LAST-MINUTE PARLIAMENTARY CANDIDATE REGISTRATIONS.
Publication: Monitor Volume: 5 Issue: 193
Sergei Mikhailov, a controversial candidate dropped from the Zhirinovsky Bloc list, was nonetheless registered with the Central Election Commission (CEC) yesterday. One of two candidates to single-mandate districts put forward by something calling itself the Conservative Movement of Russia, Mikhailov is known in some circles by the alias “Mikhas.” This movement is headed by Lev Ubozhk, its second candidate for a single-mandate seat; Vladimir Burenin, rector of the Higher Commercial School of the Russian Ministry of Trade; and Andrei Tishkov, president of the Moscow Oblast’s Small Business Association (Kommersant, October 19). Mikhailov is, allegedly, also the leader of the Solntsevo organized crime group, named for the district in Moscow Oblast, just outside the Russian capital, where it is based.

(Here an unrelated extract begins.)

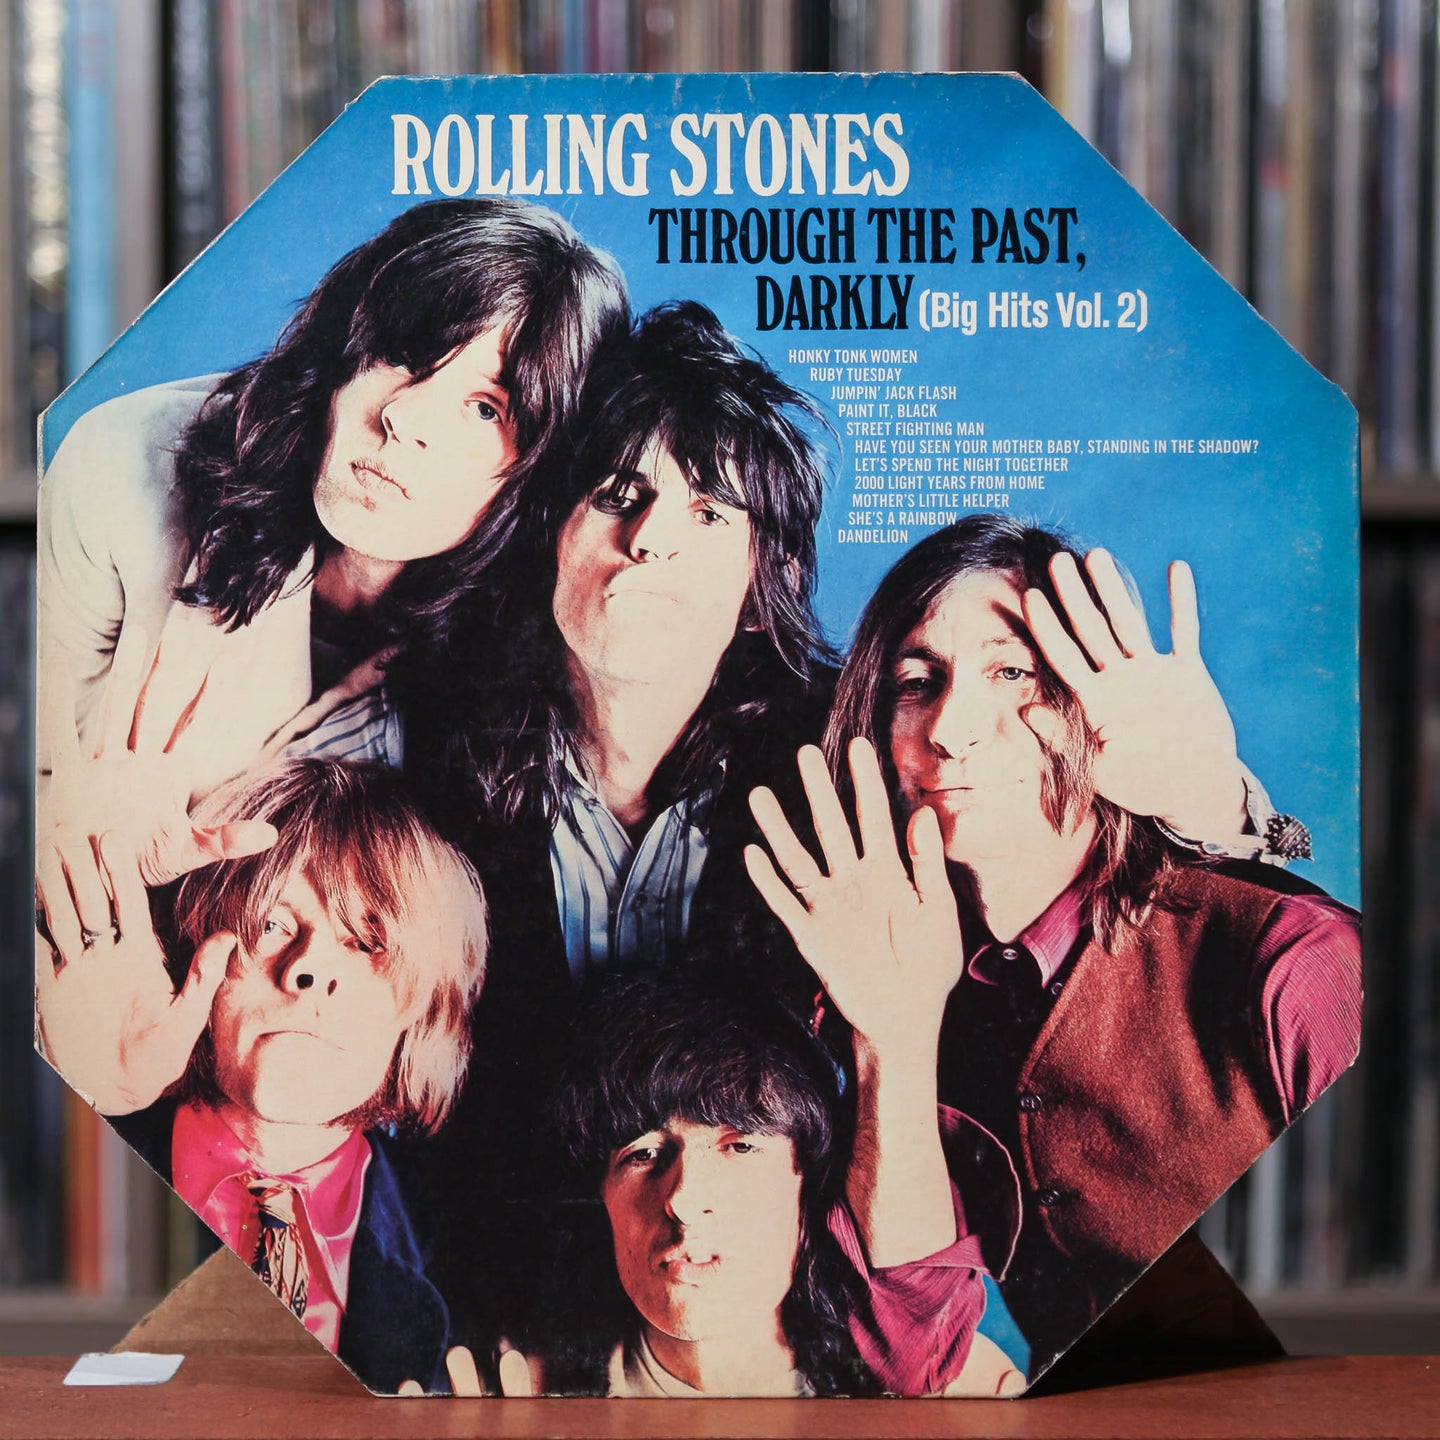 Rolling Stones - Through The Past, Darkly (Big Hits Vol. 2) - 1969 London, VG+/VG+

Another group which registered yesterday is a movement called Spas, led by Aleksandr Barkashov. While Barkashov described himself in his CEC registration as the head of a “noncommercial partnership” called the Center for Slavic Martial Arts, the former KGB martial arts instructor is better known as the head of the ultrarightist, black-shirted paramilitary movement called Russian National Unity (RNE). RNE came into conflict with Moscow Mayor Yuri Luzhkov late last year, after Luzhkov banned a congress it planned in Moscow. In February, the Moscow Prosecutor’s Office launched criminal proceedings against Barkashov for threatening Luzhkov (see the Monitor, February 25). In April, a Moscow court banned RNE’s Moscow chapter for, among other things, organizing unauthorized rallies. Russia’s Justice Ministry refused to register RNE for parliamentary elections (Moscow Times, April 21). After Spas was registered yesterday, CEC head Aleksandr Veshnyakov said that the Justice Ministry, not his commission, had the responsibility to assess whether a given bloc or movement’s ideology gave grounds for refusing to register it for elections. The Justice Ministry, apparently, had no problems with Barkashov’s new bloc (Vremya-MN, October 19).
While October 24 is the deadline for registering for the December elections, the CEC’s press service said yesterday that blocs other than the thirty-two already registered have submitted registration applications. The applications submitted by Our Home is Russia, the movement headed by Viktor Chernomyrdin, the former prime minister who currently heads the board of Gazprom, and by the Union of Right-wing Forces, the coalition put together by Anatoly Chubais, Boris Nemtsov and other “young reformers,” will be vetted on October 22 and October 23, respectively (Russian agencies, October 18).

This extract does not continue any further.